The dominance of the supermarket sector in Australia by Coles and Woolworths is reflected by a pretty good showing worldwide, with both retailers achieving a top 20 ranking for the revenue they pulled in in 2011, a recent report from Deloitte reveals.
Woolies and Coles (including the rest of the Wesfarmers conglomerate) are the 17th and 18th largest retailers in the world out of the 250 analysed, according Deloitte's “Global Powers of Retailing” report. That’s no mean feat considering that the size of Australia’s population is dwarfed by many other countries included in the analysis. And in case you were looking for more evidence of the duopoly’s ever- increasing stranglehold on the Australian market, consider this statistic: between 2006 and 2011, Westfarmers was the fastest-growing retailer in the world.
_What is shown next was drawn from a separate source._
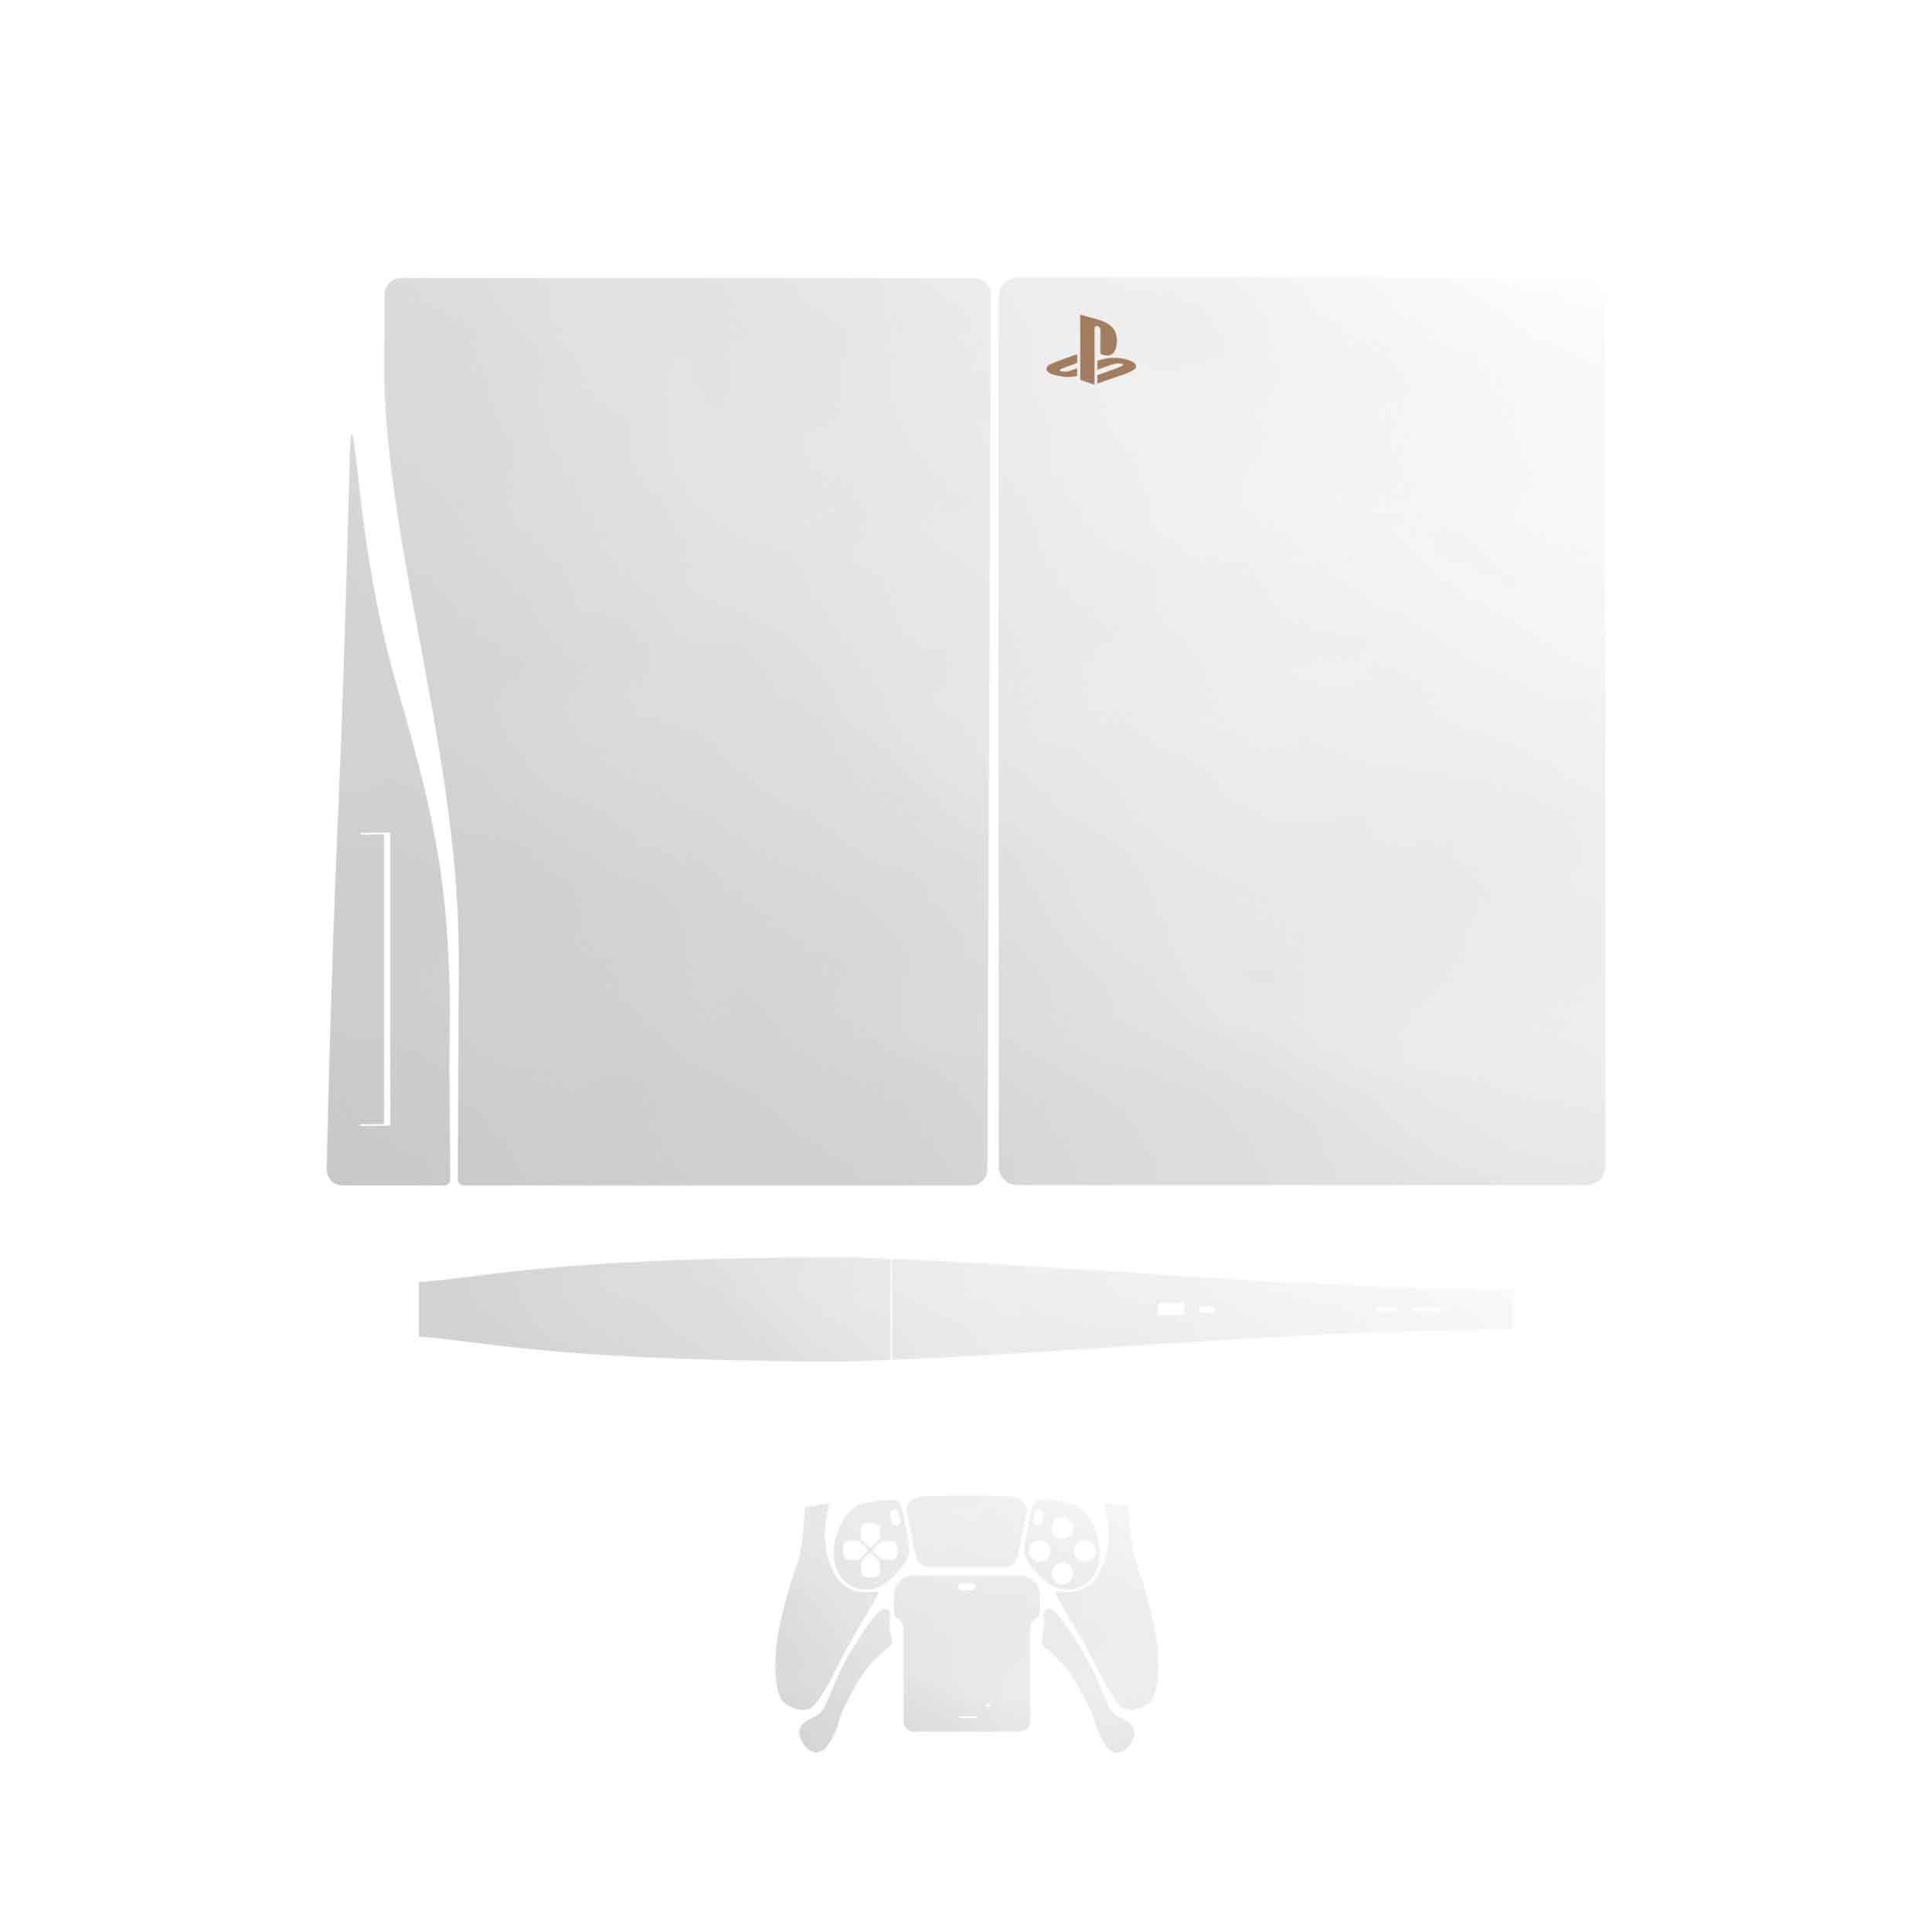 بررسی و {خرید با تخفیف}                                     برچسب کنسول و دسته بازی PS5 ماهوتمدل  Metallic-White                             اصل

US-based Walmart easily tops the list with annual sales of about $US447bn (the second biggest, Carrefour, brings in about one-fourth of that), but the report points out that retailers of “fast moving consumer goods” like Walmart make about 23% per cent of their revenue in other countries. Woolies and Coles currently make over $50bn each annually in Australia alone.
The report offers one bit of predictive analysis that has yet to emerge in any significant way in the Australian supermarket sector: “New competitors are disrupting the market and capturing valuable market share through innovative business models”.
On the other hand, one trend highlighted by Deloitte has emerged with a vengeance: “Many companies are now seeking to become vertically integrated by controlling the whole supply chain.”